How do you get to the values of (u,v) ? Is it just by ballparking? Or is there an elegant algebraic approach for this one?

Thanks
Cheers!
J :)


Given in the stem:

\(11 = u^2 - v^2 = (u + v)(u - v)\)
\(y = 2uv\)
\(z = u^2 + v^2\)

\(z + y = u^2 + v^2 + 2uv = (u + v)^2\)
\(z - y = u^2 + v^2 - 2uv = (u - v)^2\)

\((z + y)(z - y) = (u + v)^2*(u - v)^2 = 11^2 = 121\)

121 can be written as product of two numbers in 2 ways: 1, 121 and 11, 11
So (z + y)(z - y) = (61 + 60)*(61 - 60) or = (11 + 0)(11 - 0)
So z can be 61 or 11 depending on whether y is 60 or 0.

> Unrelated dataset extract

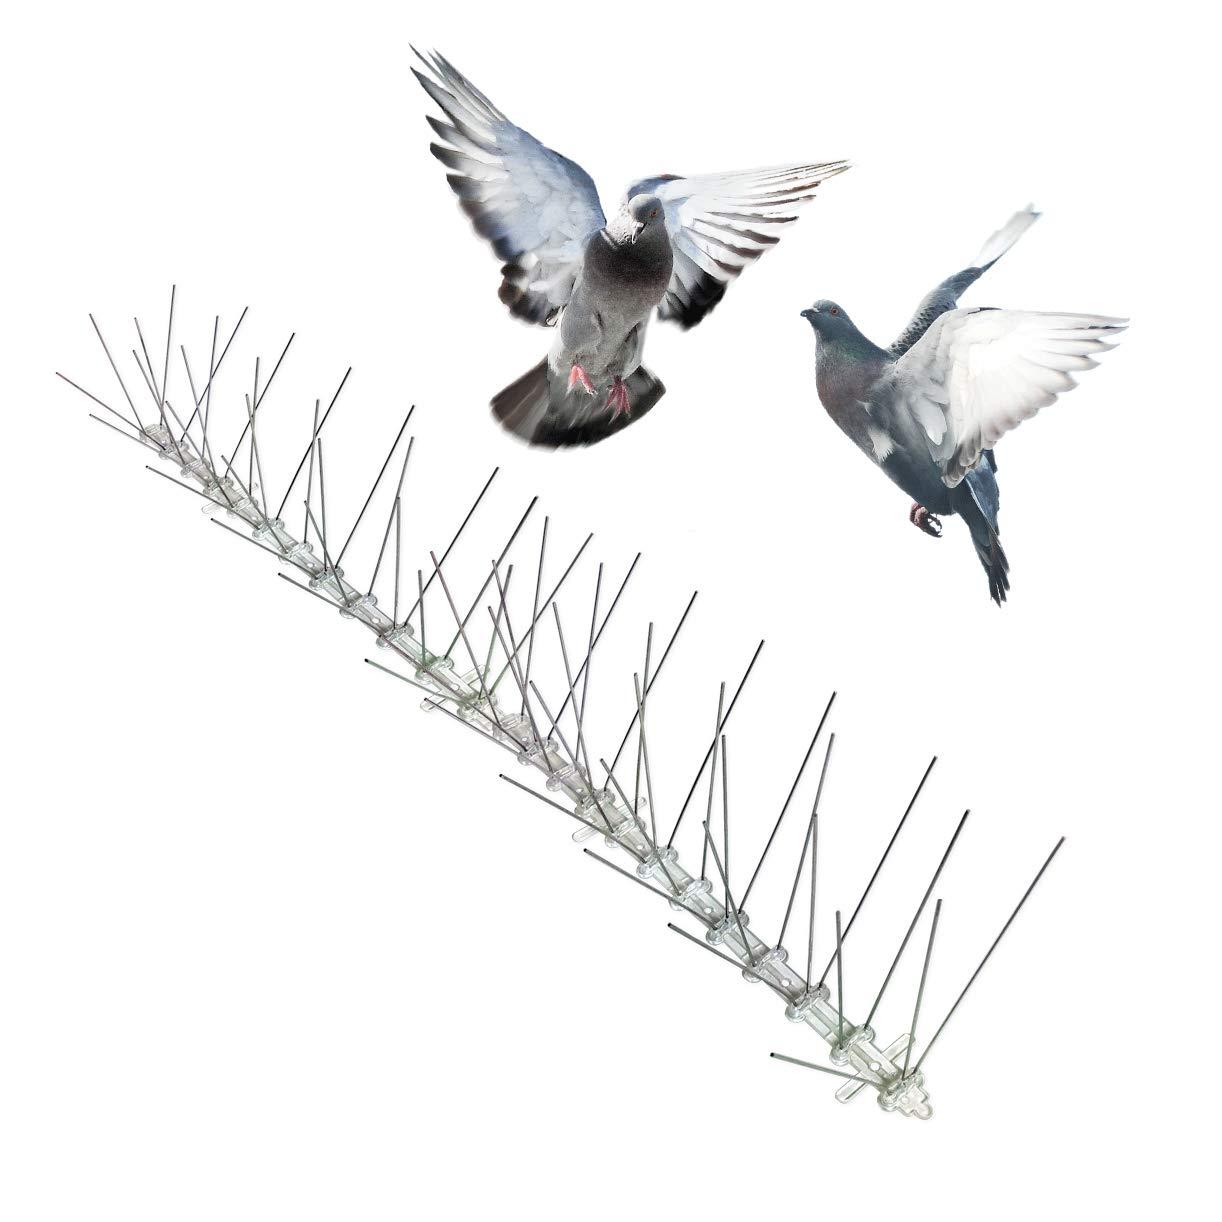 Bird-X Stainless Steel Bird Spikes, Covers 100 feet by Bird-X

\(Statement 1 gives y = 60. So z must be 61. Sufficient\)

Statement 2 gives u is 6 which means 2uv (= y) is not 0. So z must be 61. Sufficient

Answer (D)


Hi Karishma,

Assume you meant \((z + y)(z - y) = (u + v)^2*(u - v)^2 = 11^2 = 121\)

Please confirm
Thanks for this approach, its the best i've seen so far on this master problem

Cheers!
J :)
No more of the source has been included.